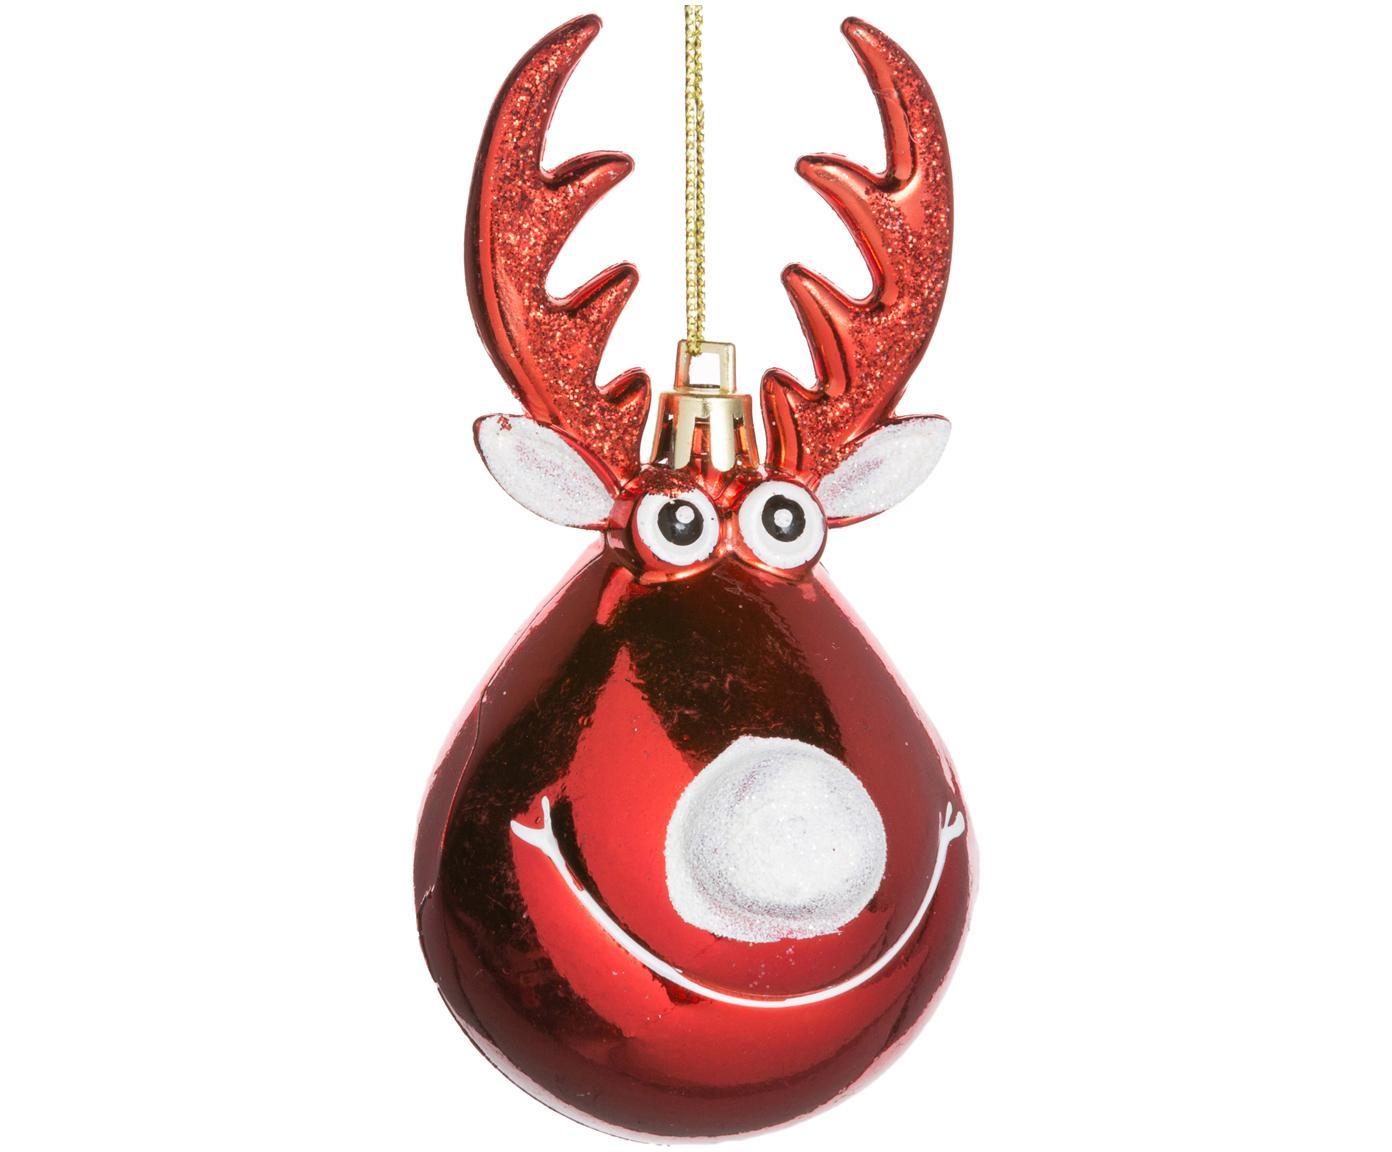 Boomhanger  Rudolph, 2 stuks, Kunststof, Kerst rood, wit, goudkleurig, Ø 5 x H 12 cm
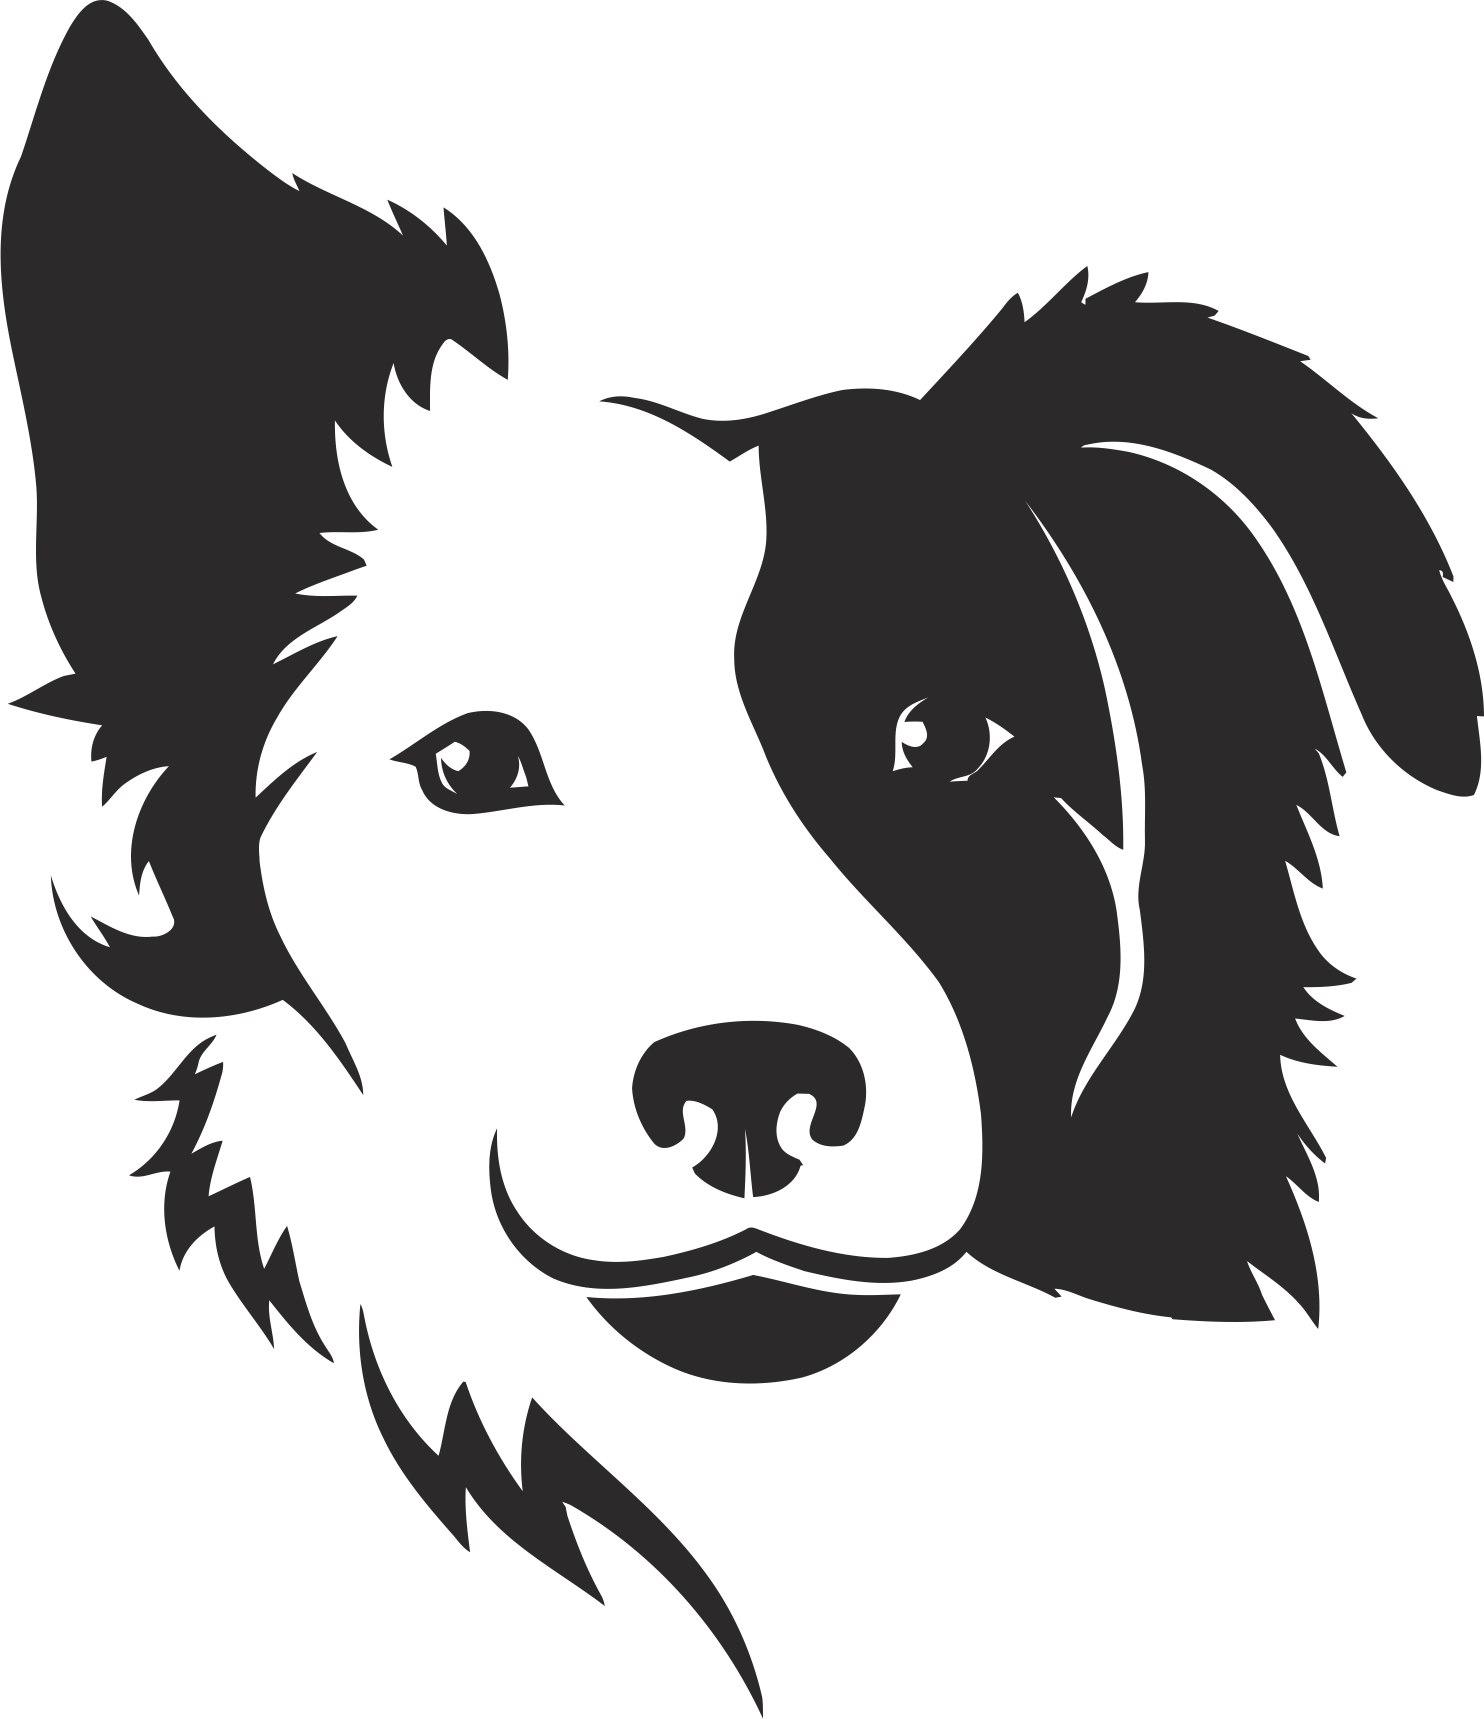 Dog Silhouette Free CDR Vectors Art
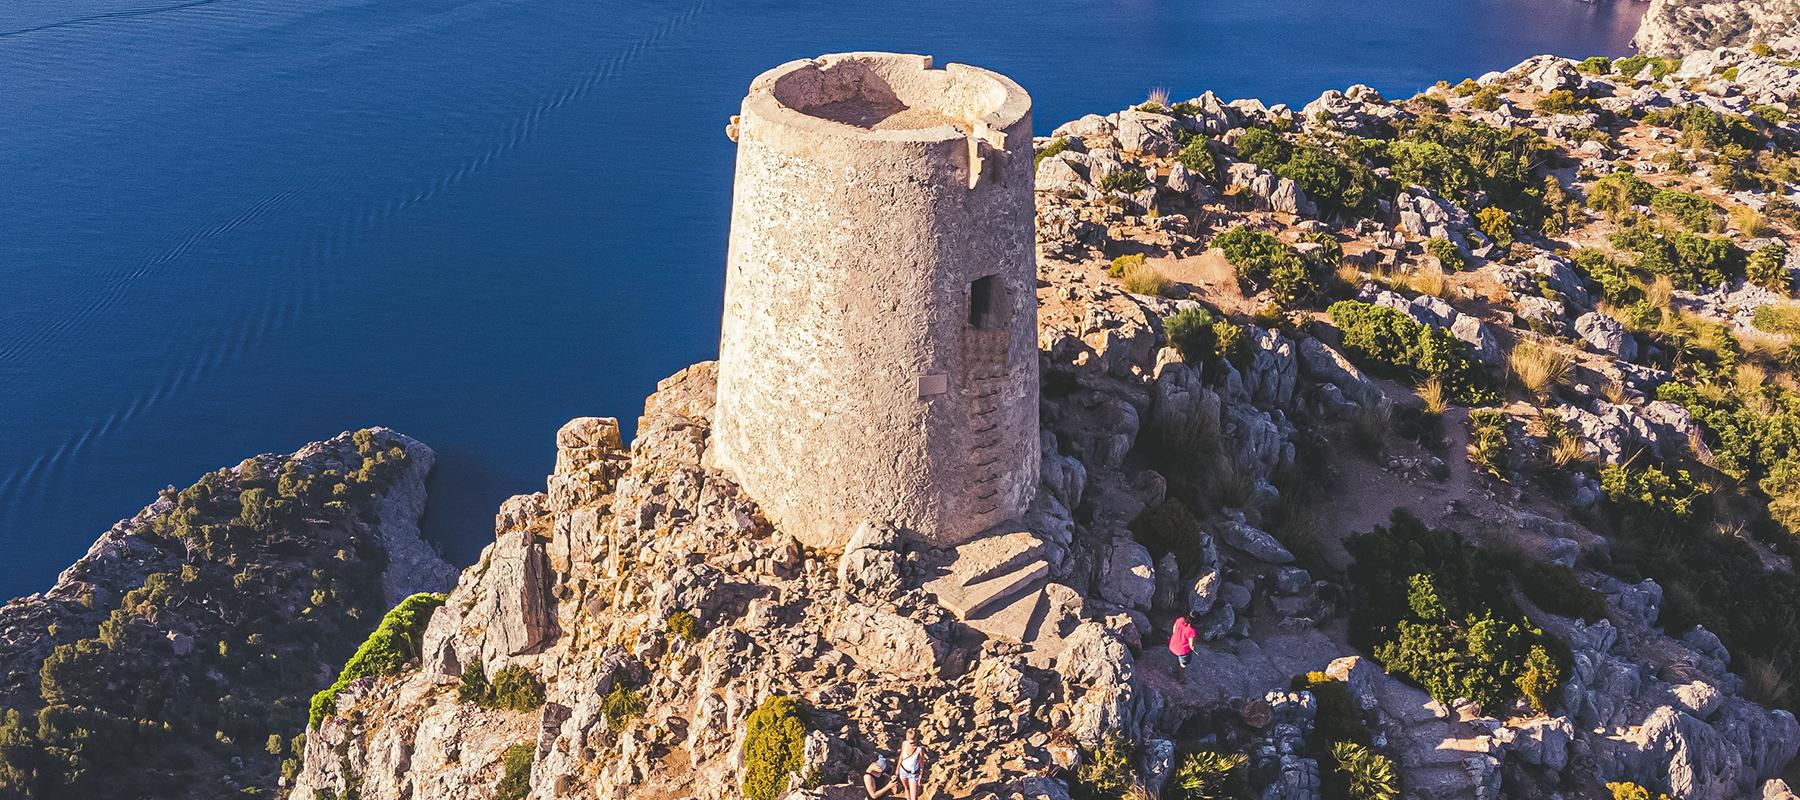 November 28: Habakkuk and the WatchTower
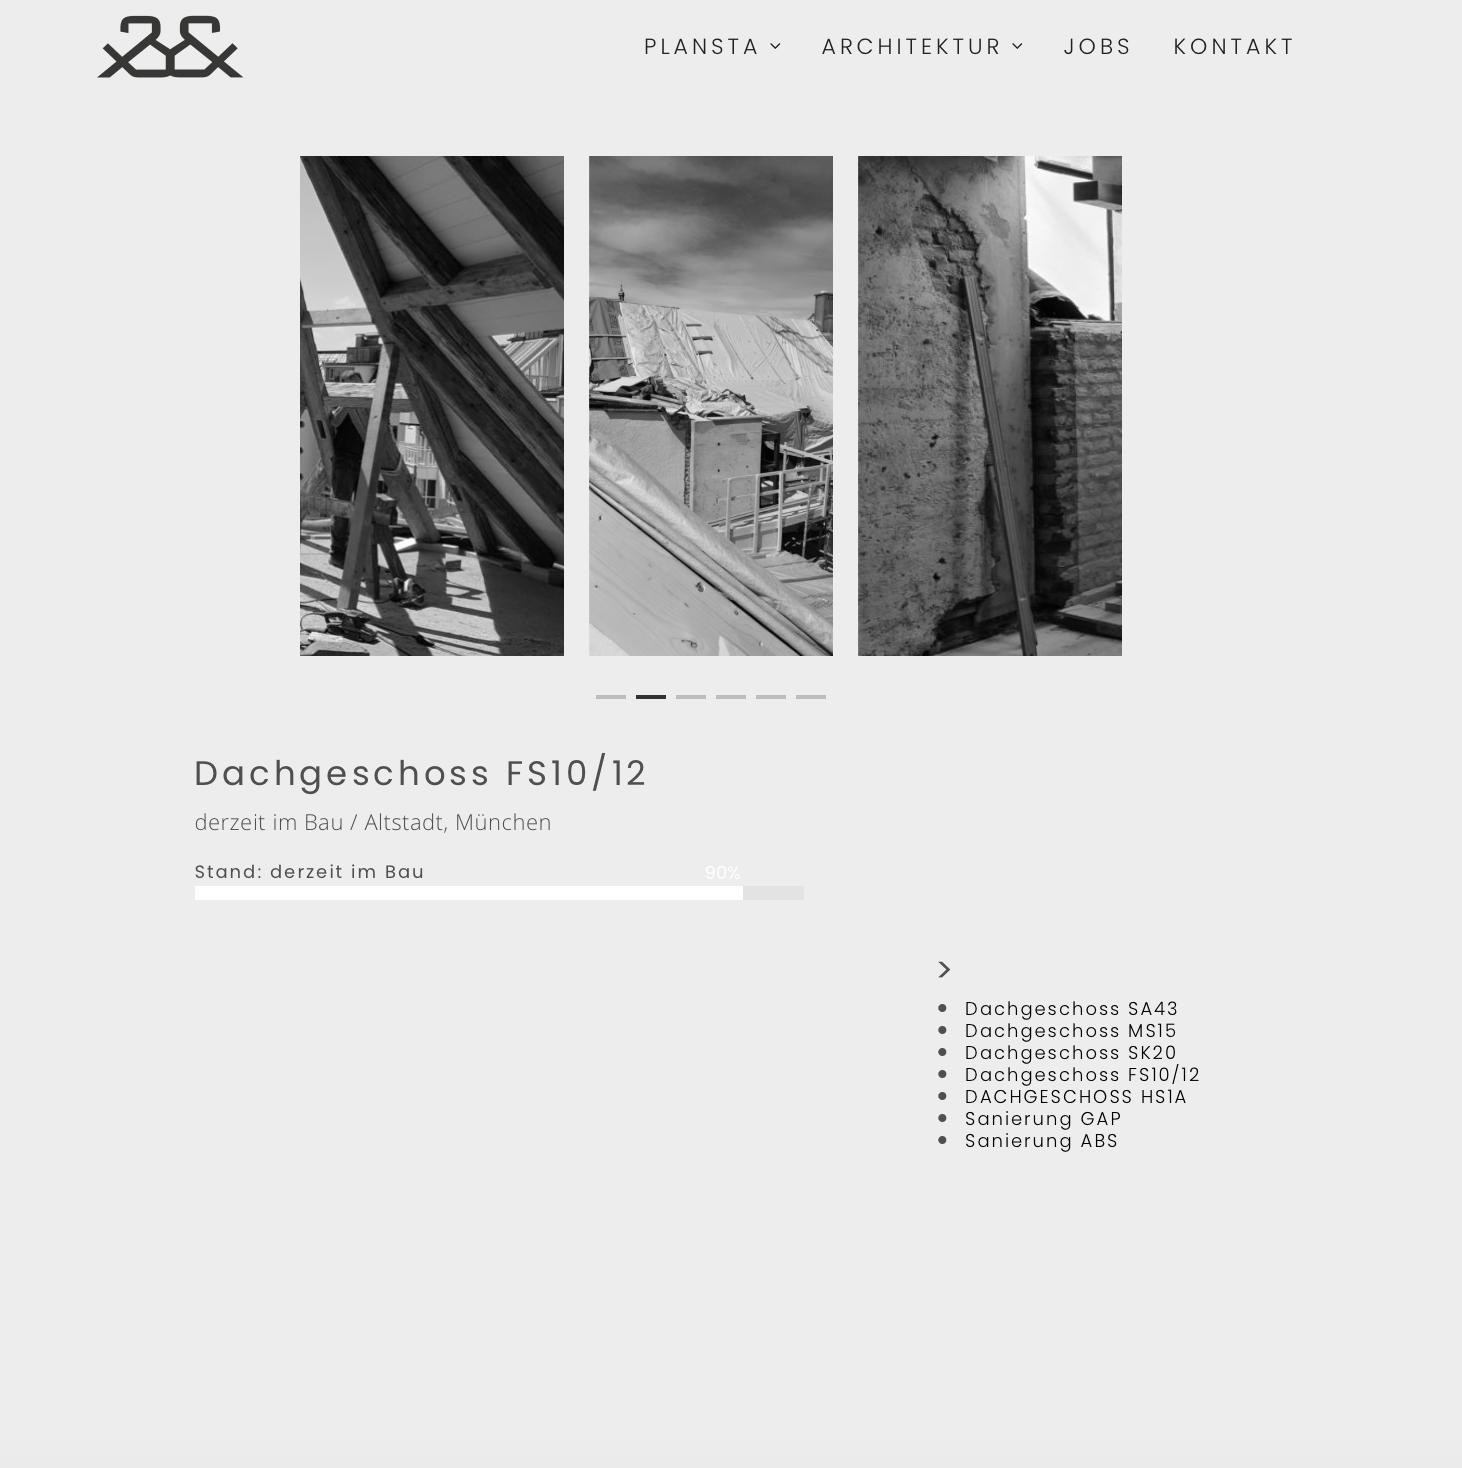 webdesign plansta
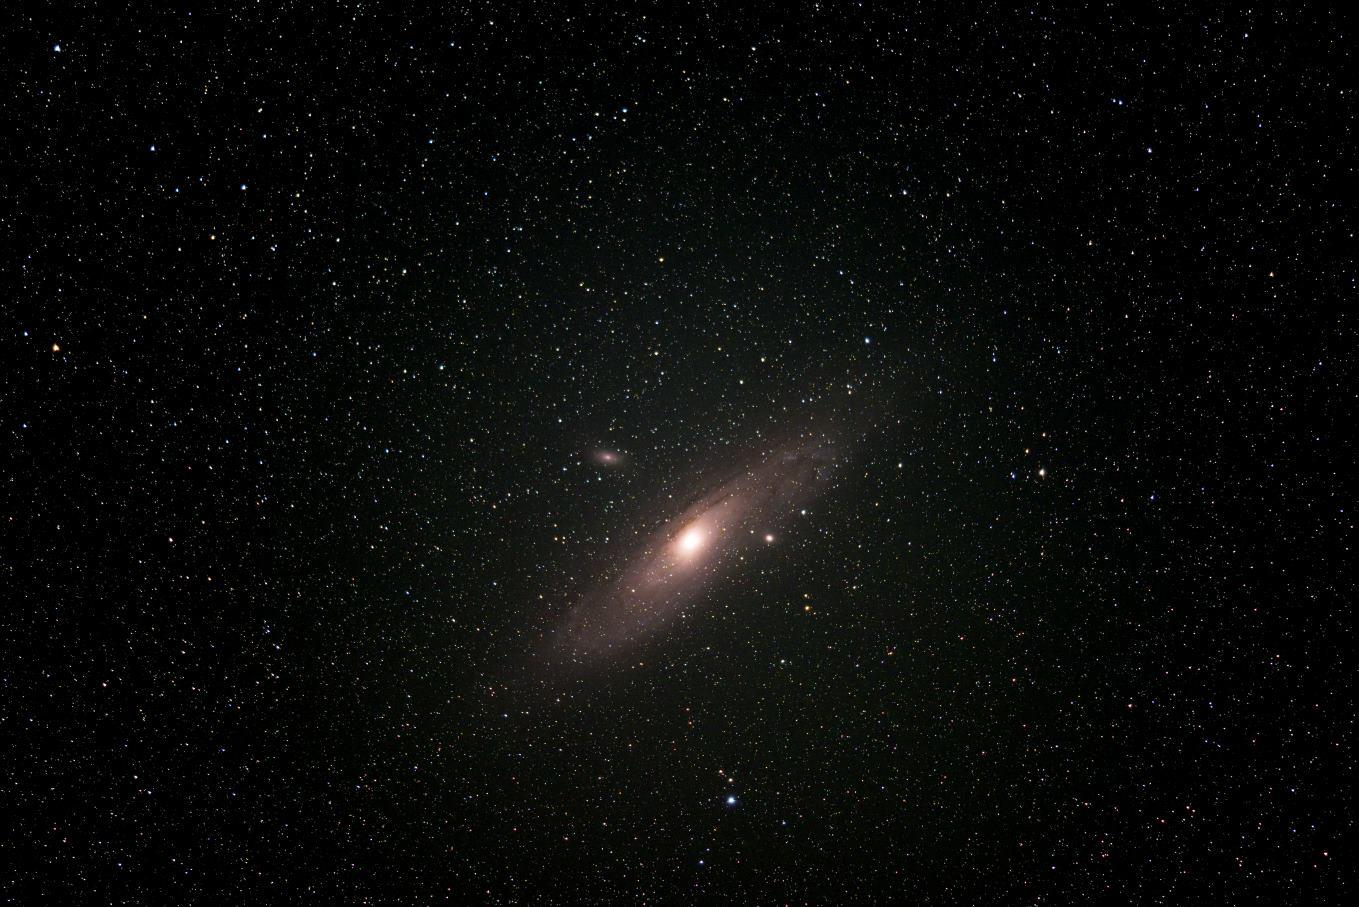 Andromeda Galaxy (M31) by Redfern

++++

Please restate exactly the lines from the one containing "Dog Silhouette Free CDR Vectors Art" down to the end of the material, both ends kept, and do not include the pictures.

- _RESULT_
 Dog Silhouette Free CDR Vectors Art
 November 28: Habakkuk and the WatchTower
 webdesign plansta
 Andromeda Galaxy (M31) by Redfern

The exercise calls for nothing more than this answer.